I only ask because I remember a post where some guys were intentionally writing terabytes to SSD drives to attempt to get them to exceed their lifetimes. Turned out the SSDs lasted way way longer than expected, perhaps due to over-engineering or whatever. Maybe the CPUs would be similar, where you can't really break them anymore (within a reasonable lifetime)?

Not quite. The lifetimes can be specified such that some percentage of chips fail at end-of-life, so a 10 year lifetime might mean "1% of chips fail after 10 years". For an OEM, that may be a big deal (since they will have an enormous number of returns), but for overclockers, that's probably in the noise of other failures (e.g. bending pins, crushing de-lidded cores, etc). I don't know what the actual specification is for products, but I would expect that most chips/SSDs/cars/Mars rovers/whatever will last well beyond their rated lifetimes. To get meaningful results, you would need to put dozens or hundreds of parts through the same usage patterns - you can't get much from testing one chip.

So you probably could take your thuban to say 130C provided you could clock it at 100MHz and have it operate with say a scant 0.8V or some such.
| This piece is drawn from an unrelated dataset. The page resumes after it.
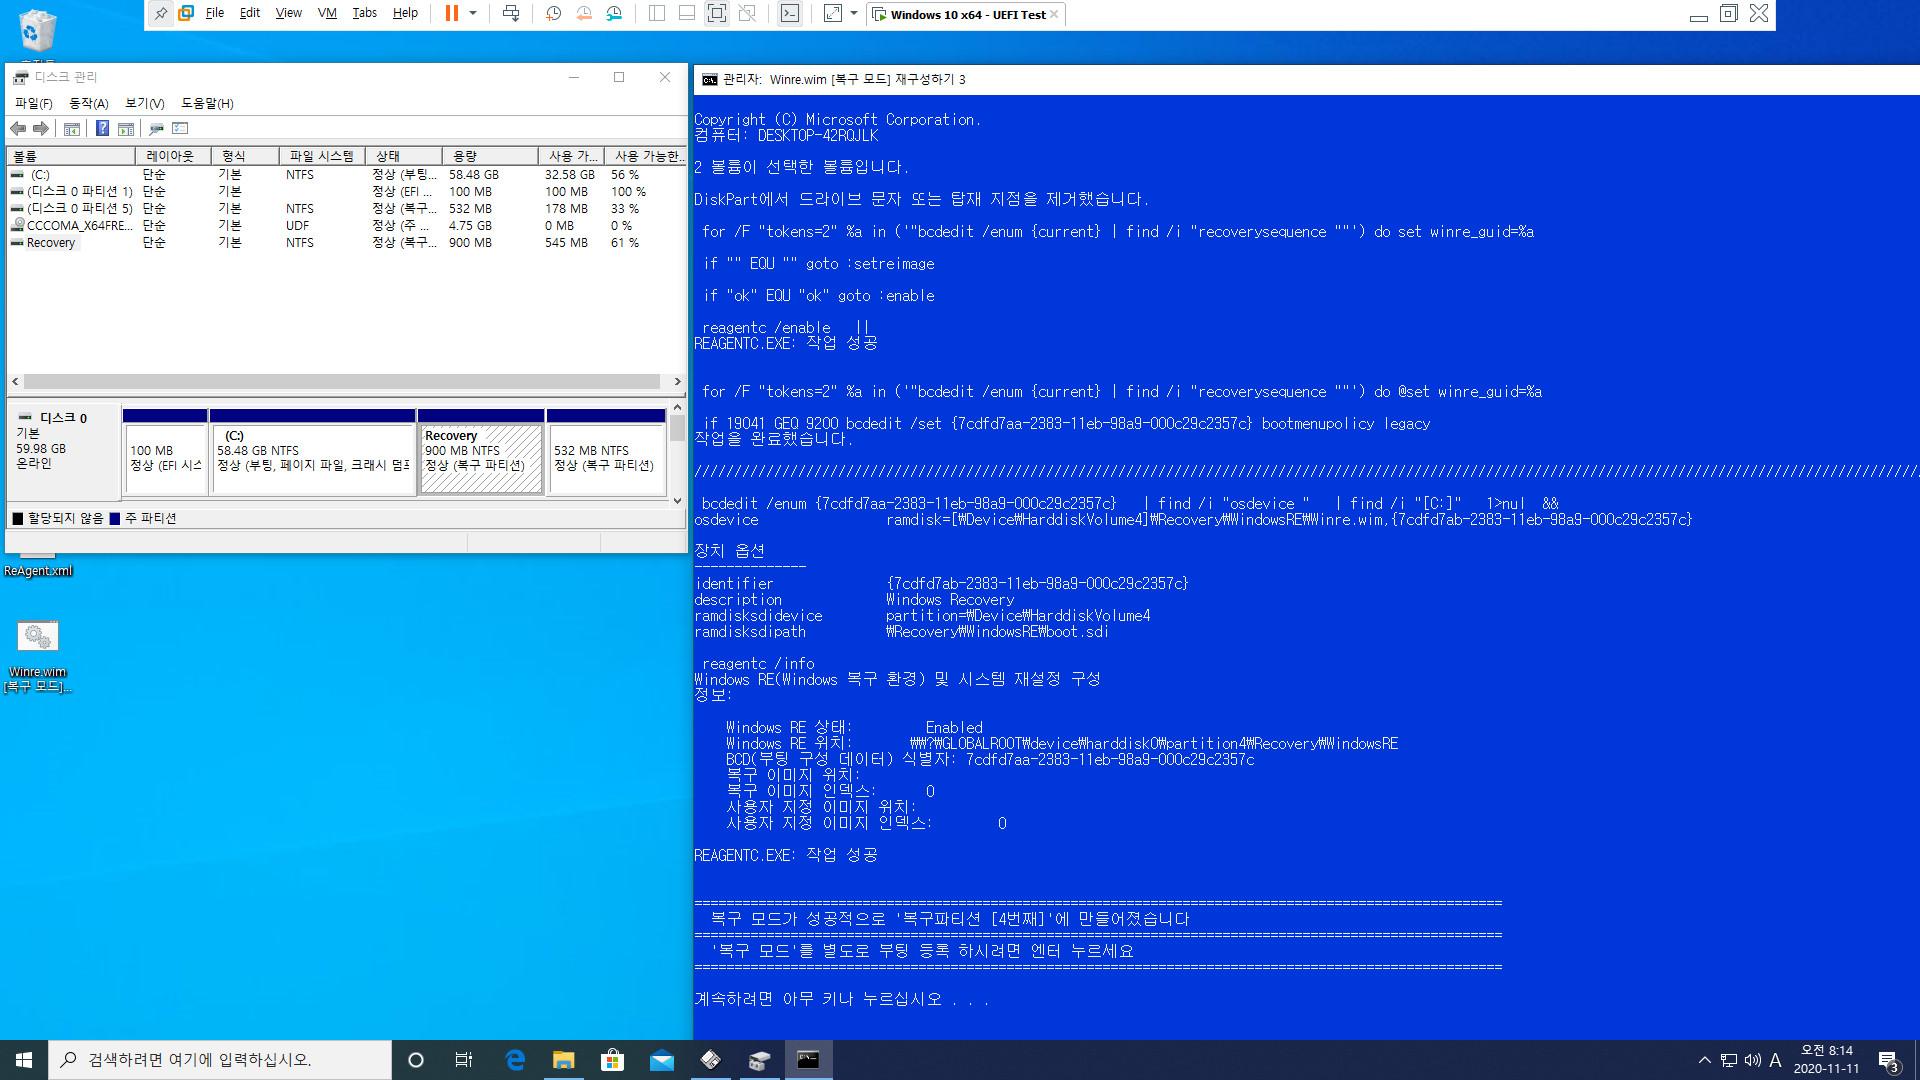 Winre.wim [복구 모드] 재구성하기 3 - 복구파티션 포함 [2020-11-11].bat 테스트 2020-11-11_081500.jpg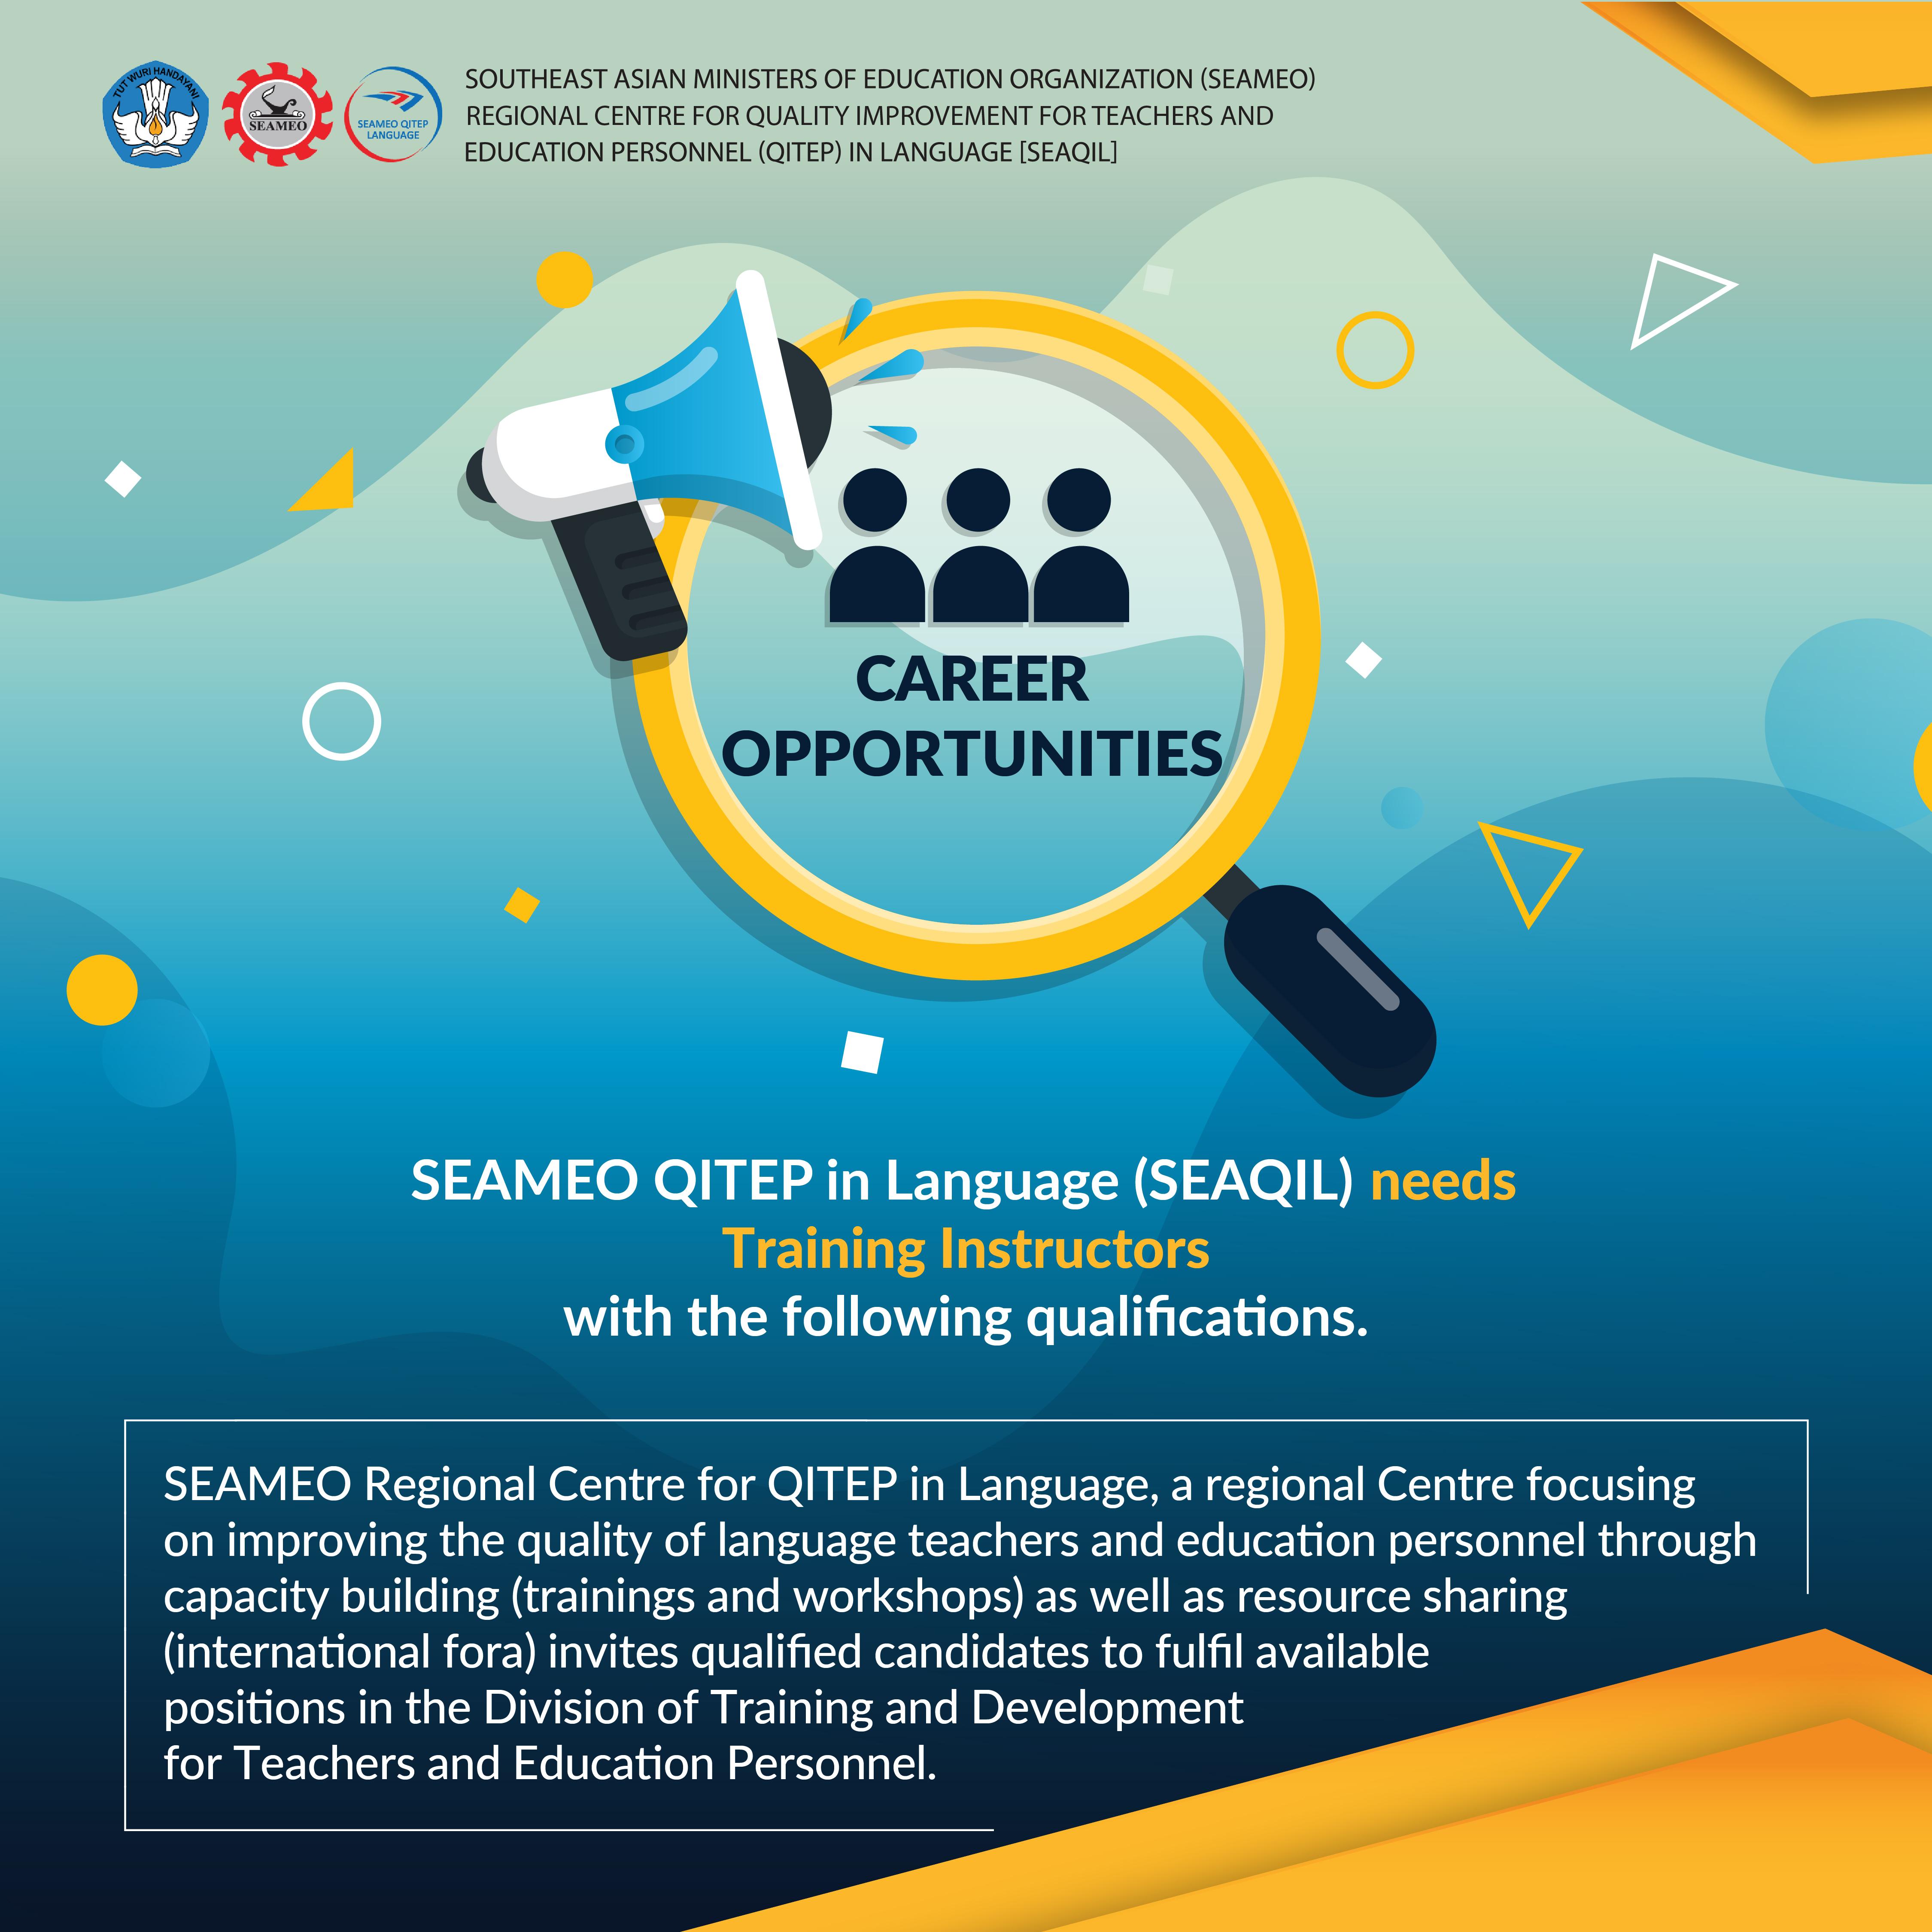 career opportunities_training_1

Obviously I don't know the exact limits for thuban specifically, but within the physic's induced limits of process technology itself and my own experiences in developing technology nodes, I think these are reasonable guesstimates.
You have to be a little careful even when taking any one dimension to extremes. For example, at 0Hz and 0V, at some point temperature will destroy/damage the part (whether it's a mechanical issues, where different coefficients of expansion result in something breaking/cracking, or a silicon issue like stress migration). But you're correct that you can trade the dimensions off against each other within reasonable limits. By the way, excellent posts, IDC.
 

thilanliyan

Lifer
Jun 21, 2005
12,000
2,225
126
All this talk is making me want a Sandy Bridge!!

Sigh...being an AMD fan sucks right now lol. At least the GPU side is not putting out duds.